According to the different generation methods of the base learner, integrated learning can be divided into parallel learning and serial learning. As the most typical representative of serial learning, Boosting algorithm can be divided into Adaboost and Gradient Boosting. The main difference between them is that the former improves the model by increasing the weight of misclassified data points, while the latter improves the model by calculating negative gradients. The core idea of Gradient Boosting is to use the negative gradient of the loss function to approximate the value of the current model $f (x) = f_{j - 1} (x)$ to replace the residual. Suppose the training sample is i ( $i = 1, 2, \dots, n$ ), the number of iterations is j ( $j = 1, 2, \dots, m$ ), and the loss function is $L (y i, f (x i))$ , then the negative gradient $r_{i j}$ can be expressed as

r_{i j} = - {[\frac{\partial L (y_{i}, f (x_{i}))}{\partial f (x_{i})}]}_{f (x) = f_{j - 1} (x)} .

(9)

Use the base learner $h_{j} (x)$ to fit the negative gradient r of the loss function, and find the best fit value $r_{j}$ that minimizes the loss function

r_{j} = arg min L (y_{i}, f_{j - 1} (x_{i}) + r h_{j} (x_{i})) .

(10)

Model update:

∣ f_{j} (x) = f_{j - 1} (x) + r_{j} h_{j} (x) .

(11)

Gradient Boosting generates a base learner in each round of iteration. Through multiple rounds of iteration, the final strong learner $F (x)$ is the base learner generated in each round and obtained by linear addition:

F (x) = f_{m} (x)

(12)

As an improved lightweight Gradient Boosting algorithm, the core ideas of LightGBM are: histogram algorithm, leaf growth strategy with depth limitation, direct support for category features, histogram feature optimization, multithreading optimization, and cache hit rate optimization. The first two features effectively control the complexity of the model and realize the lightweight of the algorithm, so this article is particularly concerned.

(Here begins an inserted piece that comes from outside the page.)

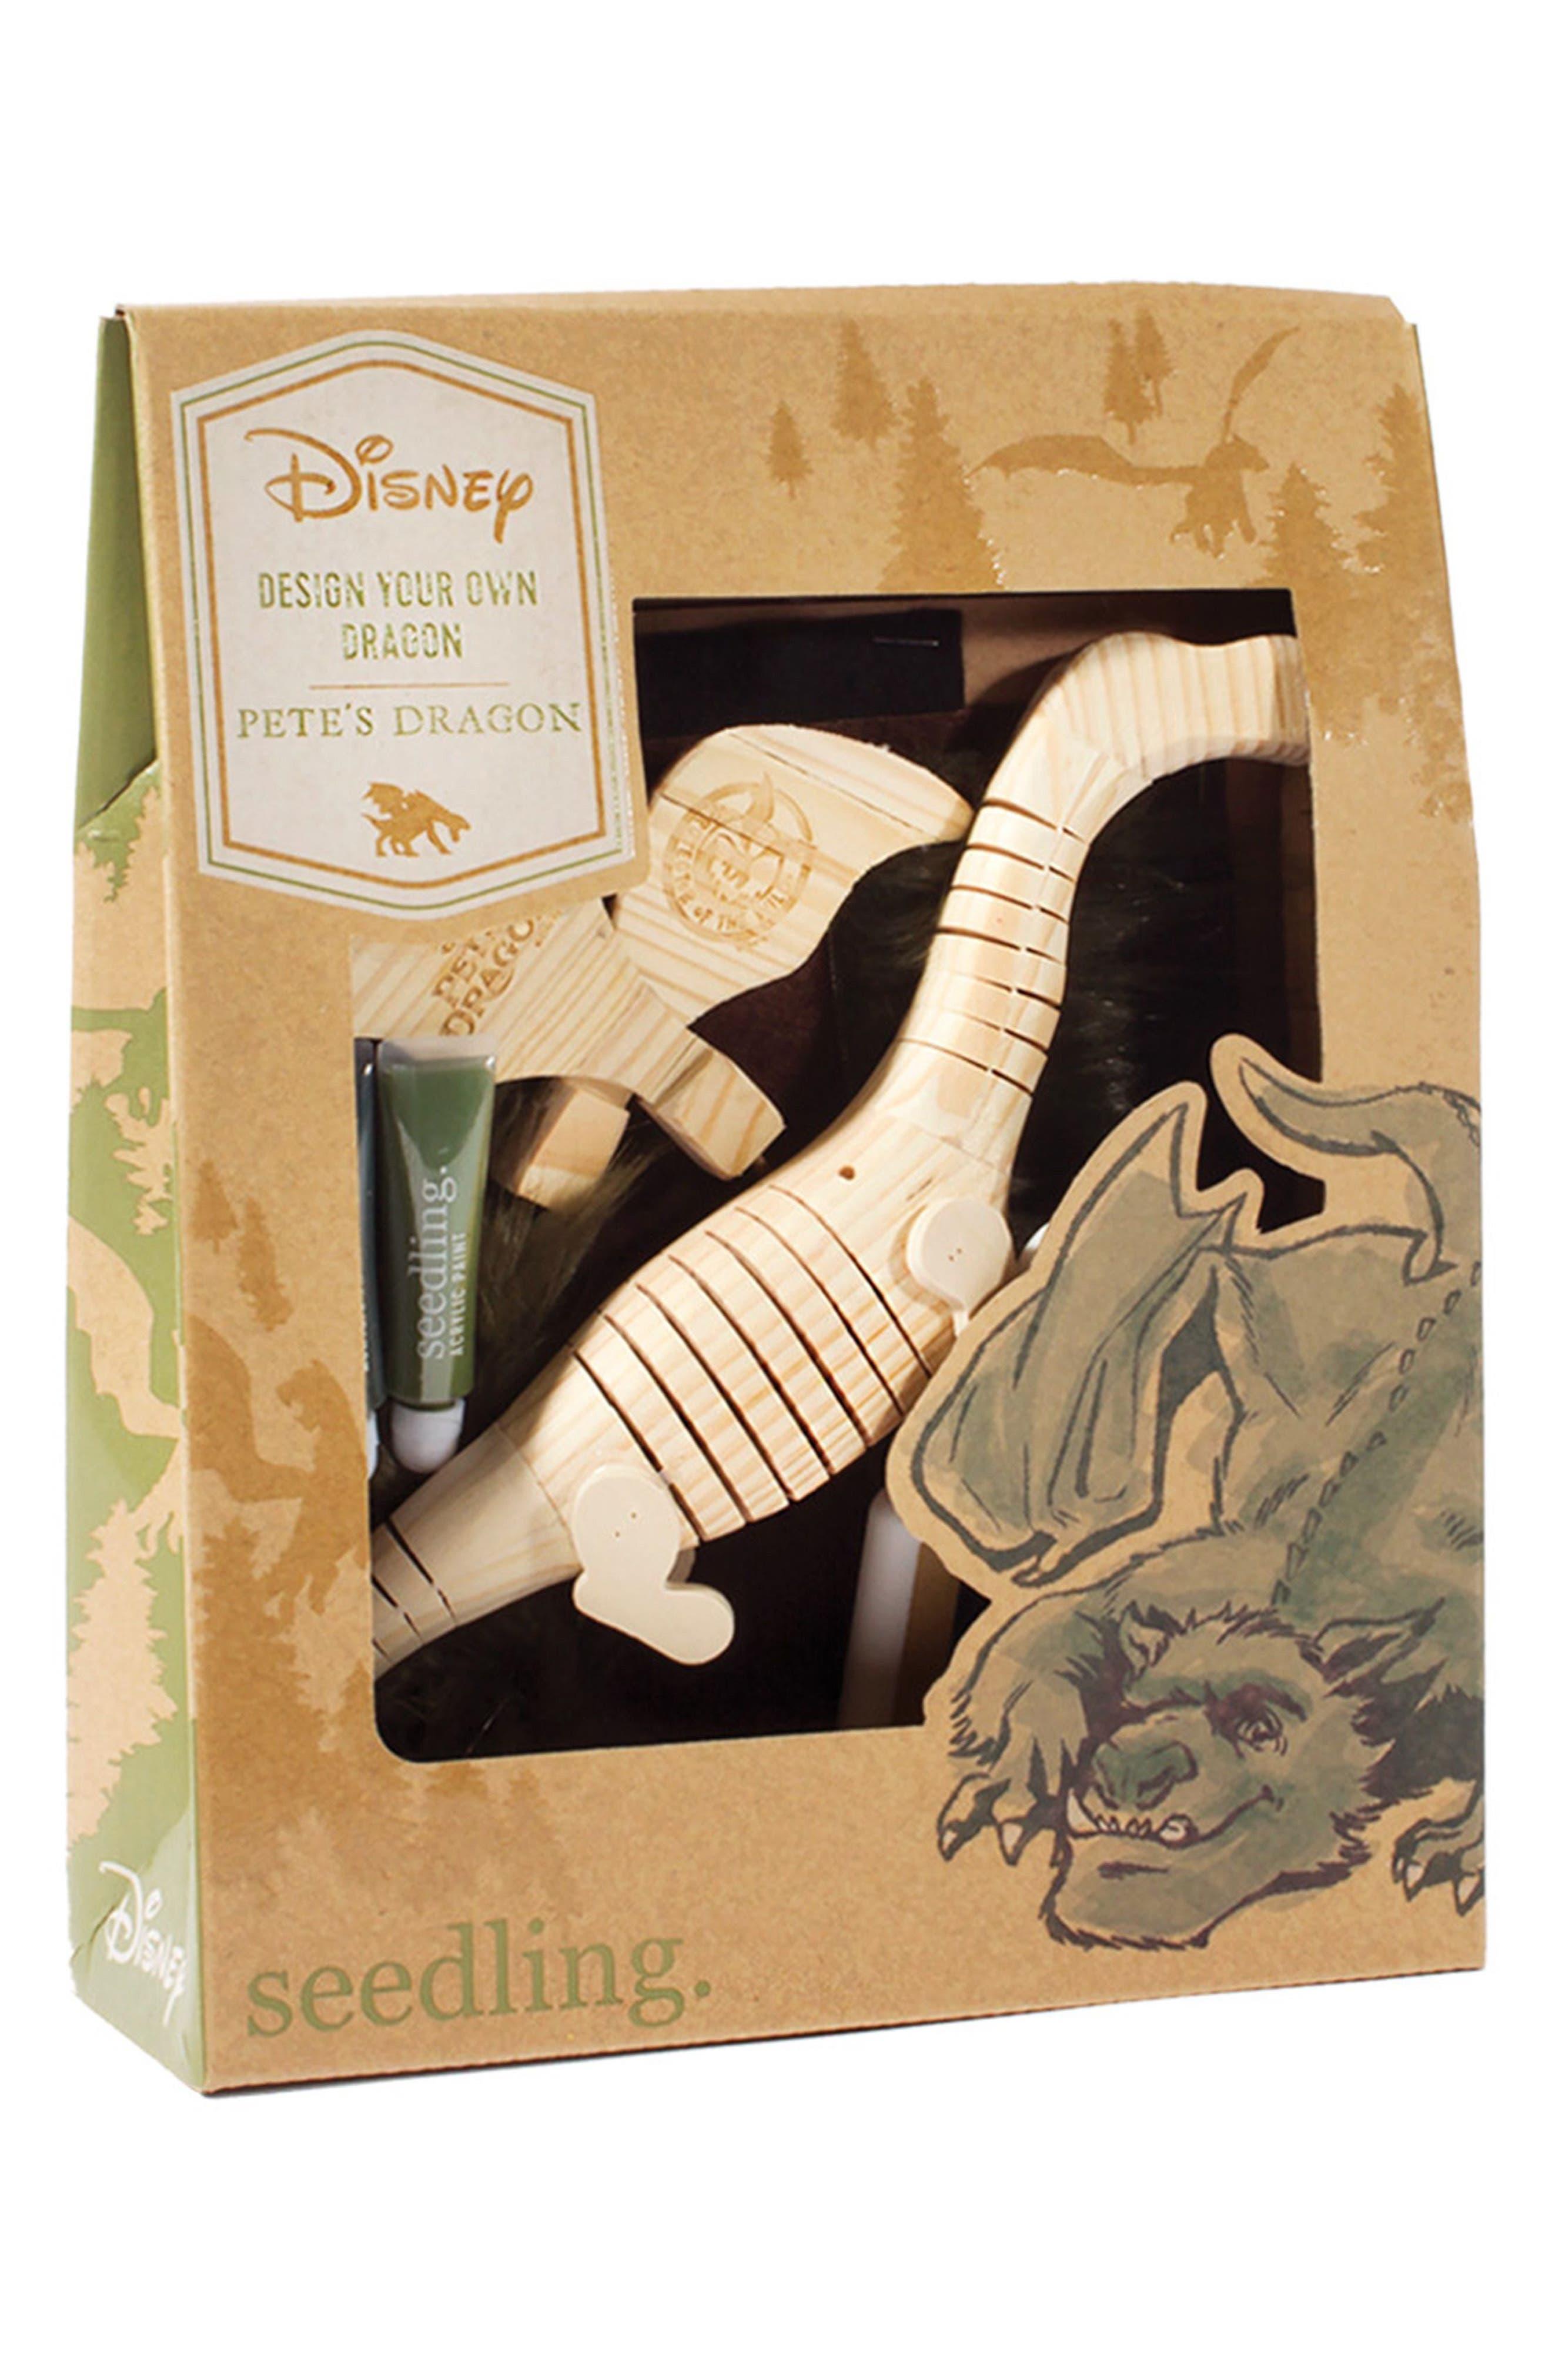 seedling Disney's Pete's Dragon Design Your Own Dragon Craft Kit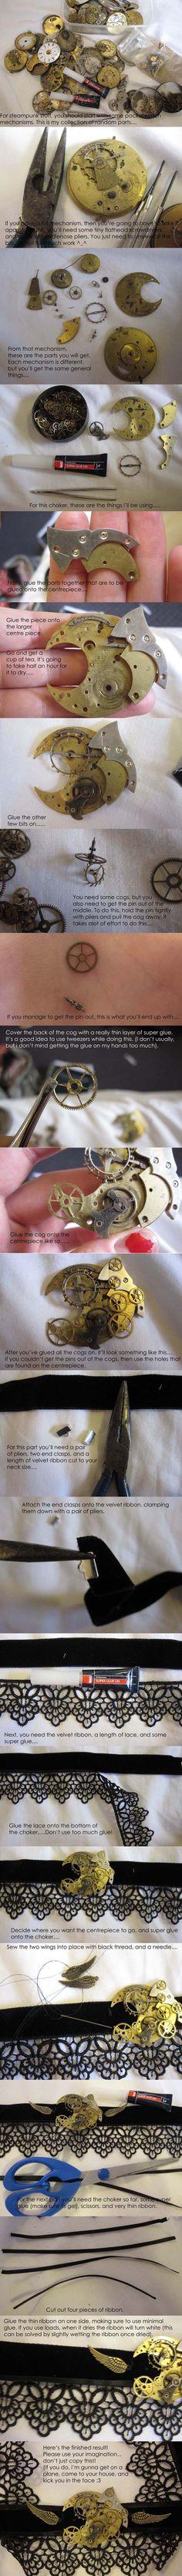 steampunk necklace DIY ... http://gothic-enchantress.deviantart.com/art/Steampunk-jewellery-tutorial-142394709

The histogram algorithm discretizes continuous floating-point features into L integers to construct a histogram with a width of L. When traversing the data, use the discretized value as an index to accumulate statistics in the histogram. After traversing the data once, the histogram accumulates the necessary statistics, and then find the optimal split point from the discrete values of the histogram .

The traditional leaf growth strategy can split the leaves of the same layer at the same time. In fact, the splitting gain of many leaves is low and there is no need to split, which brings a lot of unnecessary expenses. For this, LightGBM uses a more efficient leaf growth strategy: each time it searches for the leaf with the largest split gain from all the current leaves to split, and sets a maximum depth limit. While ensuring high efficiency, it also prevents the model from overfitting.

3. Results and Discussion

3.1. Performance Predictor

All models are cross-validated and the coefficient of determination (R2), mean absolute error (MAE), relative absolute error (RAE), relative square root error (RRSE), root mean square error (RMSE) are calculated, as shown below

R 2 (y, \hat{y}) = \sqrt{1 - \frac{\sum_{i = 1}^{n} {(y_{i} - {\hat{y}}_{i})}^{2}}{\sum_{i = 1}^{n} {(y_{i} - \bar{y})}^{2}}},

(13)

RMSE (y, \hat{y}) = \sqrt{\frac{1}{n} \sum_{i = 1}^{n} y_{i} - {\hat{y}}_{i}^{2}},

(14)

MAE (y, \hat{y}) = \frac{1}{n} \sum_{i = 1}^{n} |y_{i} - {\hat{y}}_{i}|,

(15)

RAE (y, \hat{y}) = \sqrt{\frac{\sum_{i = 1}^{n} |y_{i} - {\hat{y}}_{i}|}{\sum_{i = 1}^{n} |y_{i} - \bar{y}|}},

(16)

RRSE (y, \hat{y}) = \sqrt{\frac{\sum_{i = 1}^{n} {(y_{i} - {\hat{y}}_{i})}^{2}}{\sum_{i = 1}^{n} {(y_{i} - \bar{y})}^{2}}},

(17)

where y represents the true value, $\hat{y}$ represents the predicted value, $\bar{y}$ represents the average value of the true value and n is the number of test sets.

3.2. Experiment Results

Figure 9 shows the result of feature selection using random deep forest, and the features are output in descending order of importance. It can be seen from the figure that Death Toll has the greatest impact on Diagnosis Numbers, while the attribute of Month has the least impact. Finally, we selected the 7 most influential attributes for the prediction of Diagnosis Numbers.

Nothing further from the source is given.